BEGIN

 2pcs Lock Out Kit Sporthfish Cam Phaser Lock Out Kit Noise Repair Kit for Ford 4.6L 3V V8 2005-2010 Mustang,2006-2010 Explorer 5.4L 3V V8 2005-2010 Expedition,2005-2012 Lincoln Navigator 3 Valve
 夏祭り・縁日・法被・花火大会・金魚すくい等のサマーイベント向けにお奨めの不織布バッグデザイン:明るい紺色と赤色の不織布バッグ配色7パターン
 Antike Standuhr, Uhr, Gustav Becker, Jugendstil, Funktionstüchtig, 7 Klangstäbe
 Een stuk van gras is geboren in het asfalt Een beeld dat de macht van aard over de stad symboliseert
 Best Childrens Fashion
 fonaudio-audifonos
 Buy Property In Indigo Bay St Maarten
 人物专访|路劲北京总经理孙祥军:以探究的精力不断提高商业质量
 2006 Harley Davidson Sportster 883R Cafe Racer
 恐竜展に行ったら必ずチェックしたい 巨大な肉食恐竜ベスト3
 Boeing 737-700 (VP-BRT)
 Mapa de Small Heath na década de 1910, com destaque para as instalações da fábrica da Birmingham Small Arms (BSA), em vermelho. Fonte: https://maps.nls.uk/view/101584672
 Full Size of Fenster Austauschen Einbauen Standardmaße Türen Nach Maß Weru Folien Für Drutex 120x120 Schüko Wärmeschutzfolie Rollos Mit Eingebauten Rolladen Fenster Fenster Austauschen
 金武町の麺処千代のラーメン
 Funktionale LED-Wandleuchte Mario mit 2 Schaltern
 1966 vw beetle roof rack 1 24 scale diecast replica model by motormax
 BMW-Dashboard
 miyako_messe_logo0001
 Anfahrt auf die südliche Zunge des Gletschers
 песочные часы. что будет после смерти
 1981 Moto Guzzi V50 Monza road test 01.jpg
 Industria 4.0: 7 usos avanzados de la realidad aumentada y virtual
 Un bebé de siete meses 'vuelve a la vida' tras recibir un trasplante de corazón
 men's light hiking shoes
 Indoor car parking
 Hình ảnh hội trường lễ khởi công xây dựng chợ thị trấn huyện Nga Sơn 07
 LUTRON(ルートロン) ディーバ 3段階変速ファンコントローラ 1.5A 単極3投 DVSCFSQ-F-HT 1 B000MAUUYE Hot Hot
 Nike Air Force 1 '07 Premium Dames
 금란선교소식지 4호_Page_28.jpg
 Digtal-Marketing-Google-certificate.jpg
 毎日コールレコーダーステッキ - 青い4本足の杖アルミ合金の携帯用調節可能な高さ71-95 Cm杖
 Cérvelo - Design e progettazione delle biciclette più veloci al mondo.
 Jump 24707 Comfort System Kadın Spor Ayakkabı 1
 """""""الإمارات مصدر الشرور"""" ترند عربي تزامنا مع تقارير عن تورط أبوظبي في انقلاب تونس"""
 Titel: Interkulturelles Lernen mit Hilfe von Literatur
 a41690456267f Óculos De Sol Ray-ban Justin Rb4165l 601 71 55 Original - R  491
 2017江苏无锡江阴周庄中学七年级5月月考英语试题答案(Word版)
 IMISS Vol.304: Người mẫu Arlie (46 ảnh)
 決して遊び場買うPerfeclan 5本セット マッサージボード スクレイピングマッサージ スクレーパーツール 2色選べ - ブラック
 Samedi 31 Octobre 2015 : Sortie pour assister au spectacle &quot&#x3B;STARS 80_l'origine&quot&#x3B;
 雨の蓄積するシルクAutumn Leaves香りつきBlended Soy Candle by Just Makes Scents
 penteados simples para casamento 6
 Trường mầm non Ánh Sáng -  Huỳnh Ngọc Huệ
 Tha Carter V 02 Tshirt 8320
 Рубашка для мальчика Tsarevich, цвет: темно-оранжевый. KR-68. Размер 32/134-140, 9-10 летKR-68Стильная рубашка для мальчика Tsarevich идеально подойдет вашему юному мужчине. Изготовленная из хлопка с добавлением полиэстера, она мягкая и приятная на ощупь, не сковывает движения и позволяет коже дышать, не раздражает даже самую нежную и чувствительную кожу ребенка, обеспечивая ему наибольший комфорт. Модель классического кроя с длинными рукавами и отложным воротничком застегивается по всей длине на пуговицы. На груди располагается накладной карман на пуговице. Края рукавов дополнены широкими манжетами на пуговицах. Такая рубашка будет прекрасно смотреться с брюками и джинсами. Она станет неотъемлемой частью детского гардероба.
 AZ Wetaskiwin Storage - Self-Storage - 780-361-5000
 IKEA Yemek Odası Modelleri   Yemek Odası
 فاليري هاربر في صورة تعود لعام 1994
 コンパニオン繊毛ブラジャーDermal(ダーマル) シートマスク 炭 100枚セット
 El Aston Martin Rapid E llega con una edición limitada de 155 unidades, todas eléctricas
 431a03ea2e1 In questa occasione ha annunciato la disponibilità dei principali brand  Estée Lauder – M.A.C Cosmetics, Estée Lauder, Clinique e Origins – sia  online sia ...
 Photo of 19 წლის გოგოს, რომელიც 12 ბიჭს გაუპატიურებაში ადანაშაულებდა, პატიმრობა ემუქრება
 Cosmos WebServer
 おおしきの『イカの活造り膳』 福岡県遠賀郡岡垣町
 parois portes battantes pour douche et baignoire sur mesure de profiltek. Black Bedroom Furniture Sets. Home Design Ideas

END

(EXERCISE PROMPT): Taking the material above, extract exactly and only the lines from the line with "人物专访|路劲北京总经理孙祥军:以探究的精力不断提高商业质量" to the line with "Tha Carter V 02 Tshirt 8320", inclusive of both.

(RESPONSE TO THE EXERCISE):
 人物专访|路劲北京总经理孙祥军:以探究的精力不断提高商业质量
 2006 Harley Davidson Sportster 883R Cafe Racer
 恐竜展に行ったら必ずチェックしたい 巨大な肉食恐竜ベスト3
 Boeing 737-700 (VP-BRT)
 Mapa de Small Heath na década de 1910, com destaque para as instalações da fábrica da Birmingham Small Arms (BSA), em vermelho. Fonte: https://maps.nls.uk/view/101584672
 Full Size of Fenster Austauschen Einbauen Standardmaße Türen Nach Maß Weru Folien Für Drutex 120x120 Schüko Wärmeschutzfolie Rollos Mit Eingebauten Rolladen Fenster Fenster Austauschen
 金武町の麺処千代のラーメン
 Funktionale LED-Wandleuchte Mario mit 2 Schaltern
 1966 vw beetle roof rack 1 24 scale diecast replica model by motormax
 BMW-Dashboard
 miyako_messe_logo0001
 Anfahrt auf die südliche Zunge des Gletschers
 песочные часы. что будет после смерти
 1981 Moto Guzzi V50 Monza road test 01.jpg
 Industria 4.0: 7 usos avanzados de la realidad aumentada y virtual
 Un bebé de siete meses 'vuelve a la vida' tras recibir un trasplante de corazón
 men's light hiking shoes
 Indoor car parking
 Hình ảnh hội trường lễ khởi công xây dựng chợ thị trấn huyện Nga Sơn 07
 LUTRON(ルートロン) ディーバ 3段階変速ファンコントローラ 1.5A 単極3投 DVSCFSQ-F-HT 1 B000MAUUYE Hot Hot
 Nike Air Force 1 '07 Premium Dames
 금란선교소식지 4호_Page_28.jpg
 Digtal-Marketing-Google-certificate.jpg
 毎日コールレコーダーステッキ - 青い4本足の杖アルミ合金の携帯用調節可能な高さ71-95 Cm杖
 Cérvelo - Design e progettazione delle biciclette più veloci al mondo.
 Jump 24707 Comfort System Kadın Spor Ayakkabı 1
 """""""الإمارات مصدر الشرور"""" ترند عربي تزامنا مع تقارير عن تورط أبوظبي في انقلاب تونس"""
 Titel: Interkulturelles Lernen mit Hilfe von Literatur
 a41690456267f Óculos De Sol Ray-ban Justin Rb4165l 601 71 55 Original - R  491
 2017江苏无锡江阴周庄中学七年级5月月考英语试题答案(Word版)
 IMISS Vol.304: Người mẫu Arlie (46 ảnh)
 決して遊び場買うPerfeclan 5本セット マッサージボード スクレイピングマッサージ スクレーパーツール 2色選べ - ブラック
 Samedi 31 Octobre 2015 : Sortie pour assister au spectacle &quot&#x3B;STARS 80_l'origine&quot&#x3B;
 雨の蓄積するシルクAutumn Leaves香りつきBlended Soy Candle by Just Makes Scents
 penteados simples para casamento 6
 Trường mầm non Ánh Sáng -  Huỳnh Ngọc Huệ
 Tha Carter V 02 Tshirt 8320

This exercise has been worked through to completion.